- Meal kit company Purple Carrot just launched The Garden Incubator, an early-stage startup program for plant-based products. Venture capital firm Unovis Partners is also providing funding for this program through its New Crop Capital fund.
- Participating startups will get support in strategy, branding, marketing, e-commerce, operations, fulfillment and data analytics. Additionally, some companies will receive up to $250,000 in seed funding.
- The Garden Incubator will be an investor, an incubator and a launchpad for companies looking to expand and raise awareness for future investment and growth, the release from Purple Carrot states.
Like many other meal kit providers, Purple Carrot struggled financially following a period of rapid growth. But the company received a life line just a few months ago when it was acquired for $12.8 million by Japanese e-grocer Oisix ra daichi. Now, Purple Carrot — which has partnered with Whole Foods and Superbowl-winning quarterback Tom Brady — is looking to deepen its positioning as a meal kit provider specializing in plant-based ingredients.
As interest in the plant-based foods expands, startups are vying for the attention of the big companies that can help scale their products and bring them national attention. Nosh reported The Garden's strategy will be informed by data received from meal kit customers about what kind of plant-based products consumers want. Purple Carrot will then work through its incubator with six to 10 brands filling that need by tailoring the type of mentorship provided to each.
Although The Garden Incubator has yet to make any investments, it has competition for plant-based startups. Many large food and beverage companies have their own accelerators to help boost the next big brands. Several of these zero in on plant-based alternatives. Land O'Lakes has an incubator dedicated to investing in alternative dairy product startups struggling to reach scale. PepsiCo's Nutrition Greenhouse program looks for participants in the better-for-you space.

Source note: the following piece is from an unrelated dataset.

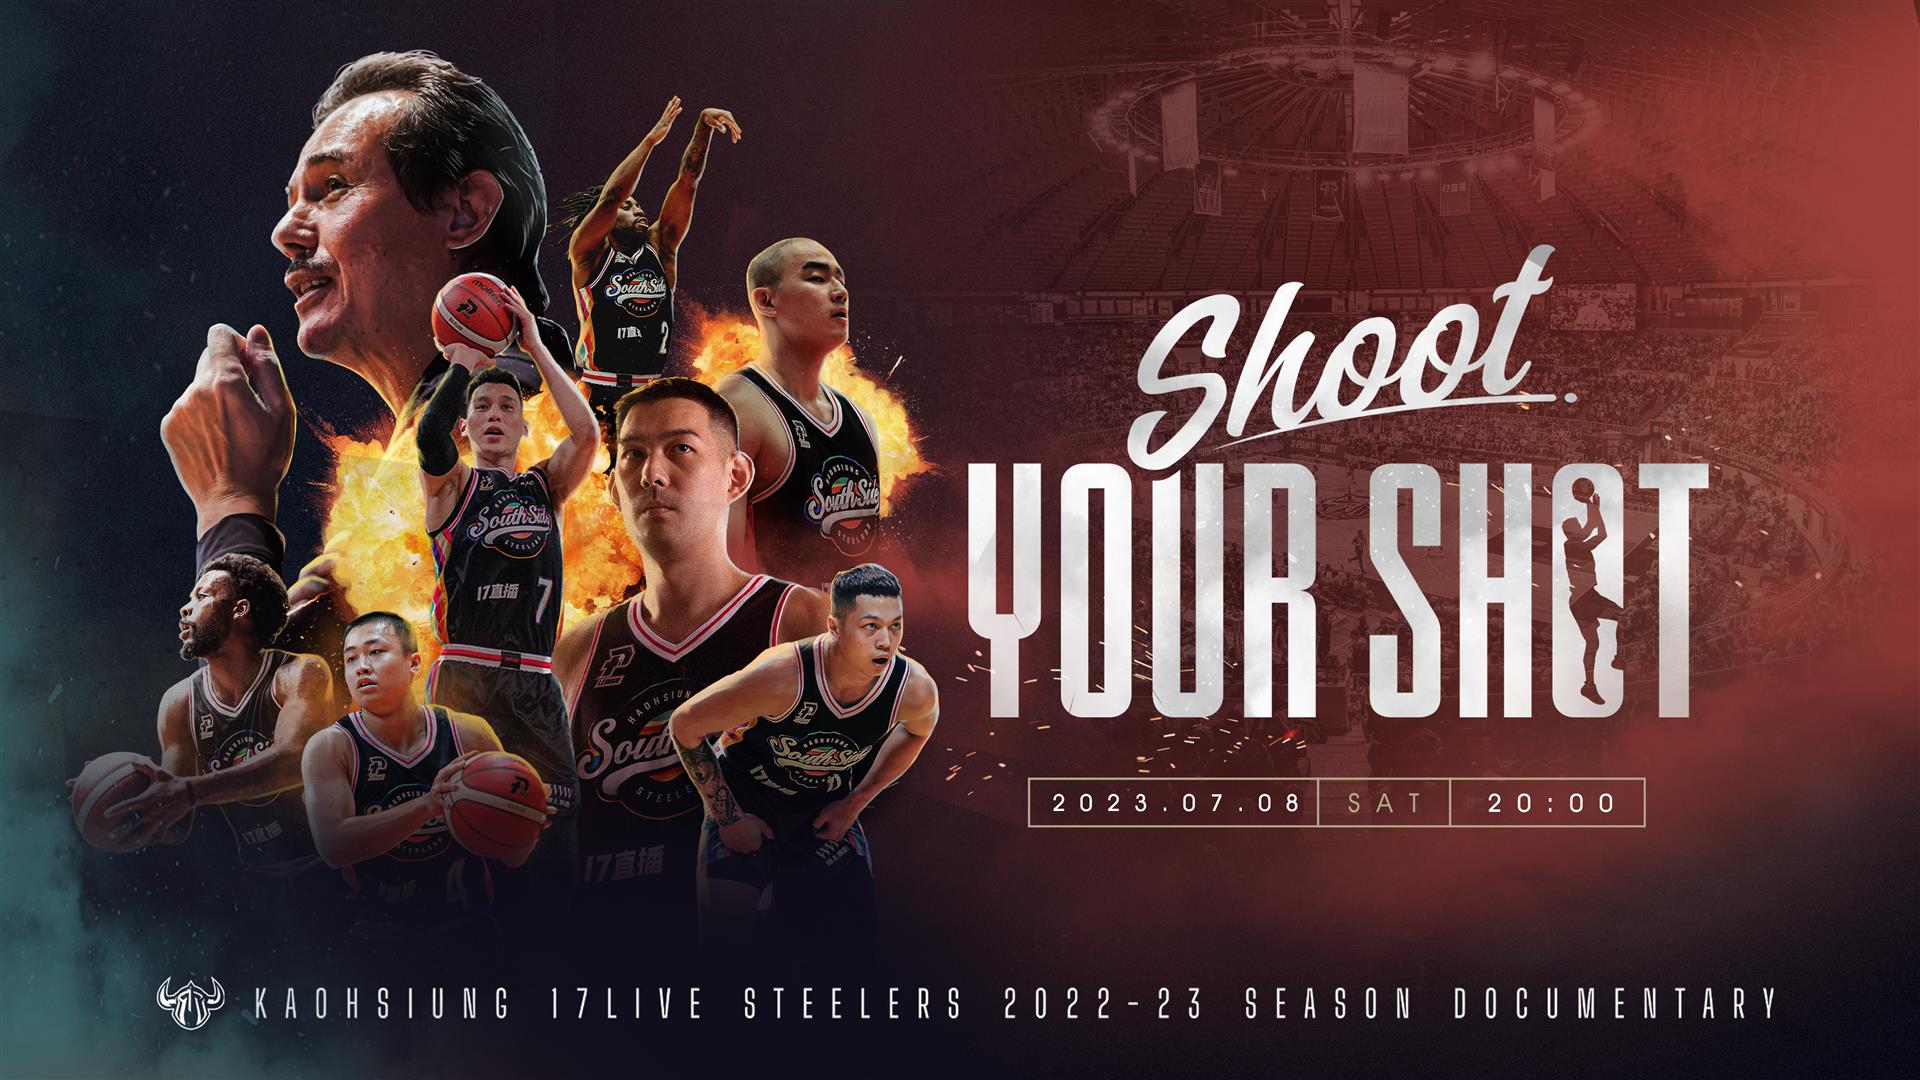  SHOOT YOUR SHOT-高雄17直播鋼鐵人 2022-23球季全紀錄

Investing in the plant-based segment is a part of a larger trend. This past September alone, Tyson invested in plant-based shrimp maker New Wave Foods, Hormel launched Happy Little Plants branded soy-based protein and Kroger launched its plant-based private label collection. As more big names launch their own brands and look to invest in others, this new incubator could be a space to find who's up and coming.
The plant-based protein and meat alternative categories is projected to grow from $4.6 billion in 2018 to a whopping $85 billion in 2030, according to investment firm UBS.
Meal kits, meanwhile, are adjusting their strategies in line with shopper demand. Blue Apron, which continues to struggle, has reigned in its marketing spend and focused more on its core customers. Albertsons recently ended Plated's subscription meal kit and announced the brand will become part of its private label portfolio. And players like Kroger-owned Home Chef and Hello Fresh have expanded into prepared foods.